## To do
Word for word and without images, reproduce the listing that follows.

## Dataset content

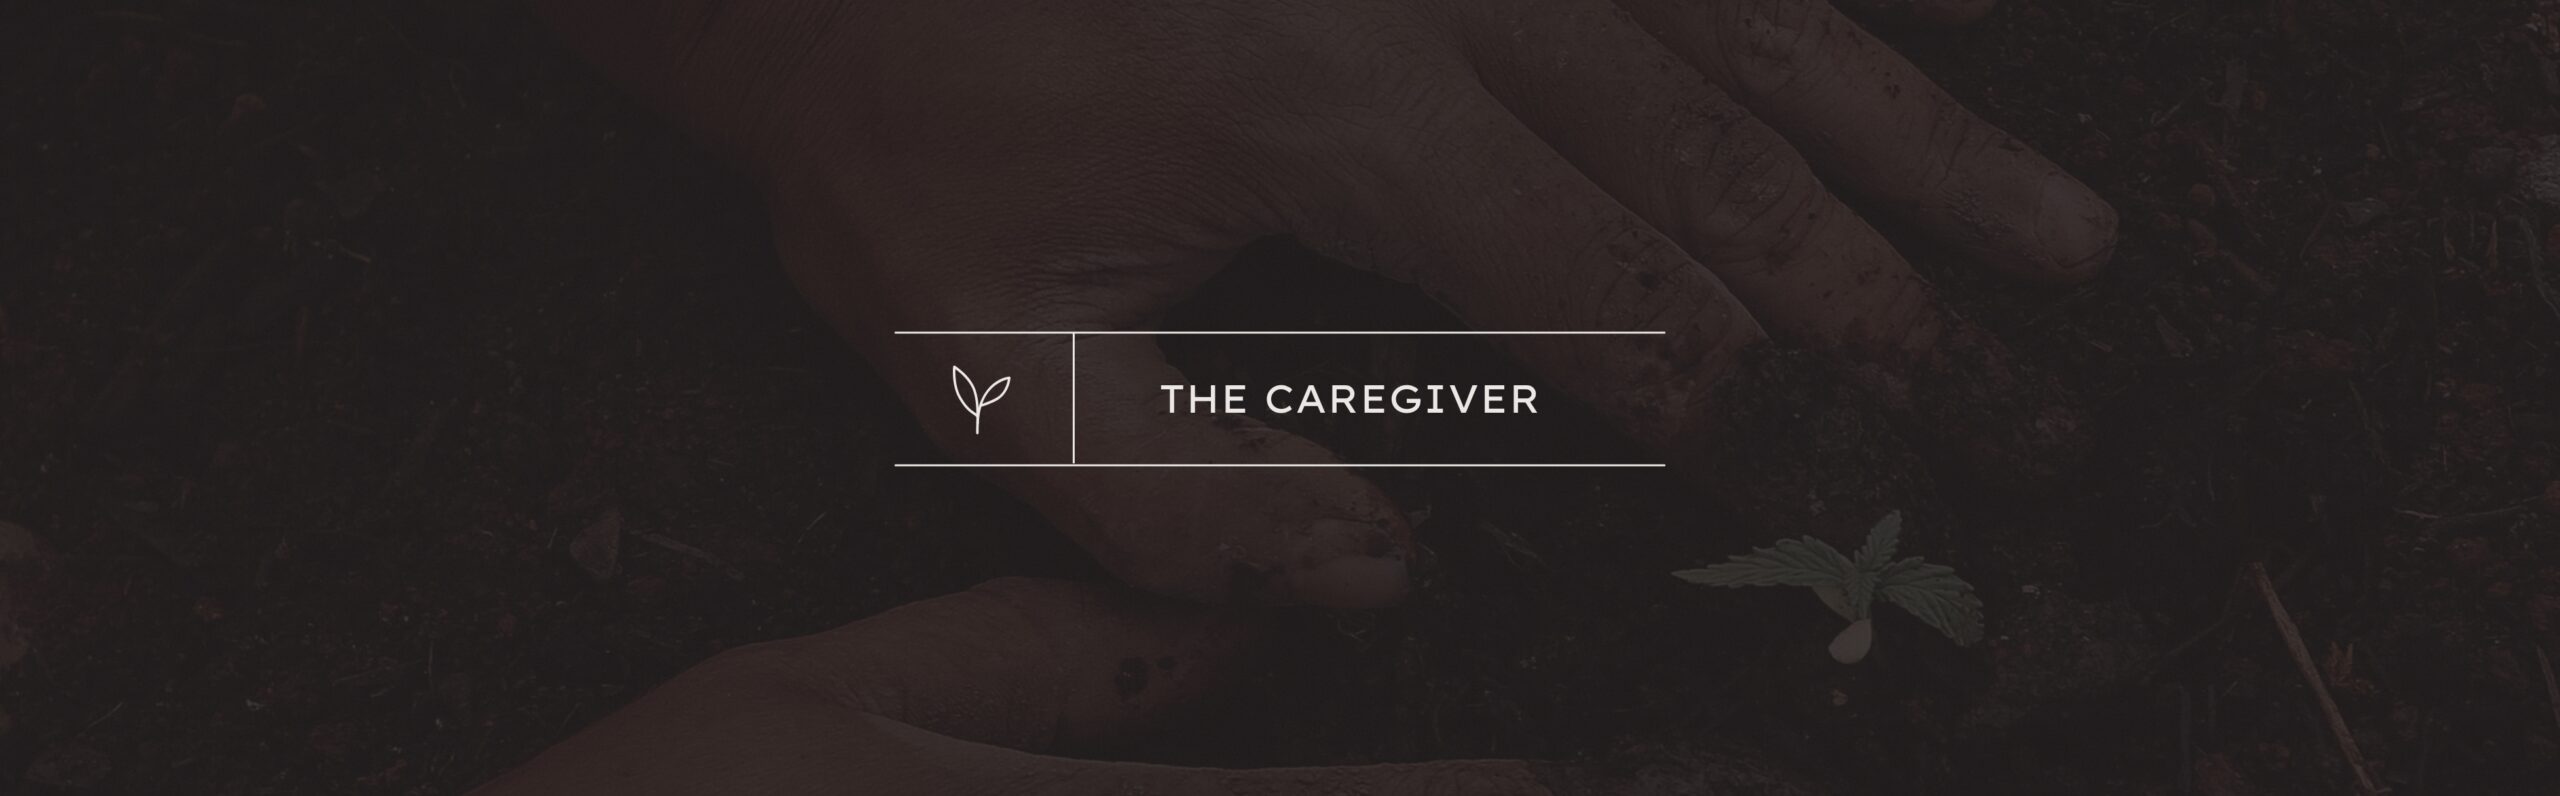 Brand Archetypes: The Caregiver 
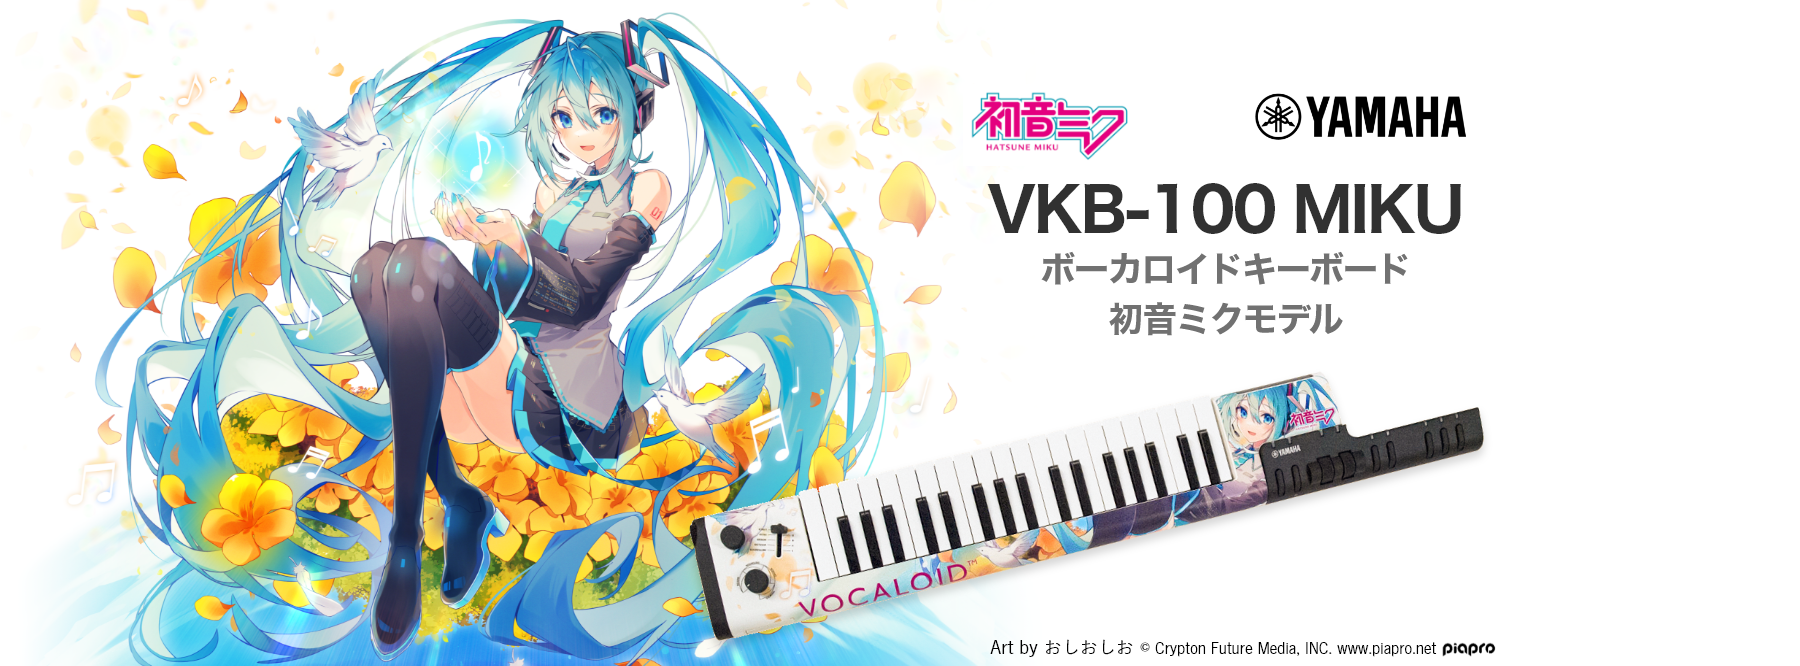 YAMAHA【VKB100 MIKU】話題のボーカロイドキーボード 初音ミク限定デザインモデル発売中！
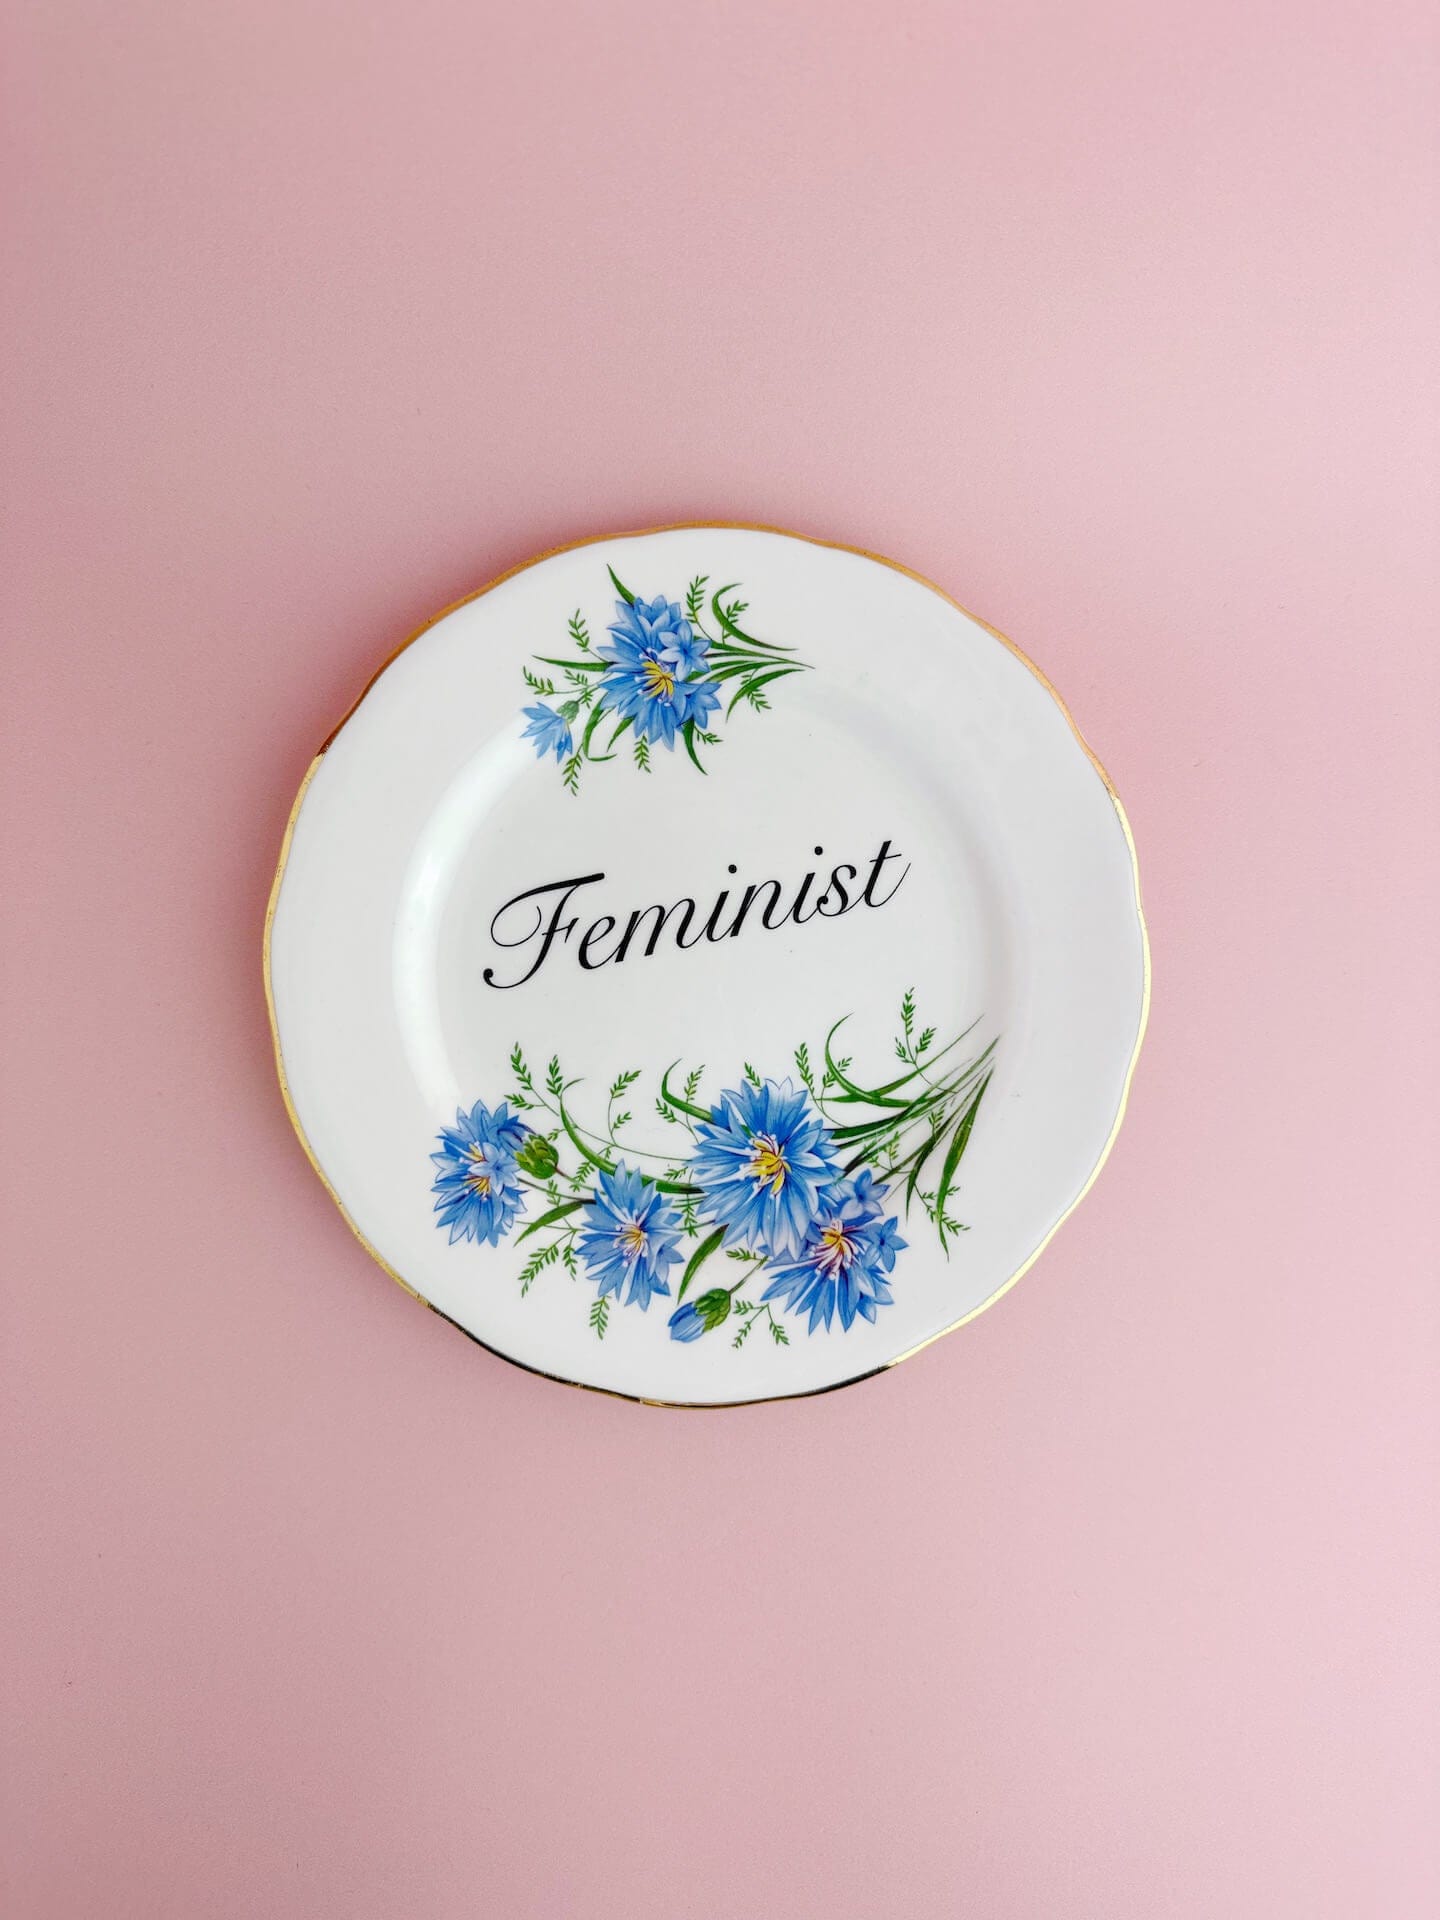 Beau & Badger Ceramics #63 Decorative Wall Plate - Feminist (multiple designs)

## Answer for the task
 Brand Archetypes: The Caregiver 
 YAMAHA【VKB100 MIKU】話題のボーカロイドキーボード 初音ミク限定デザインモデル発売中！
 Beau & Badger Ceramics #63 Decorative Wall Plate - Feminist (multiple designs)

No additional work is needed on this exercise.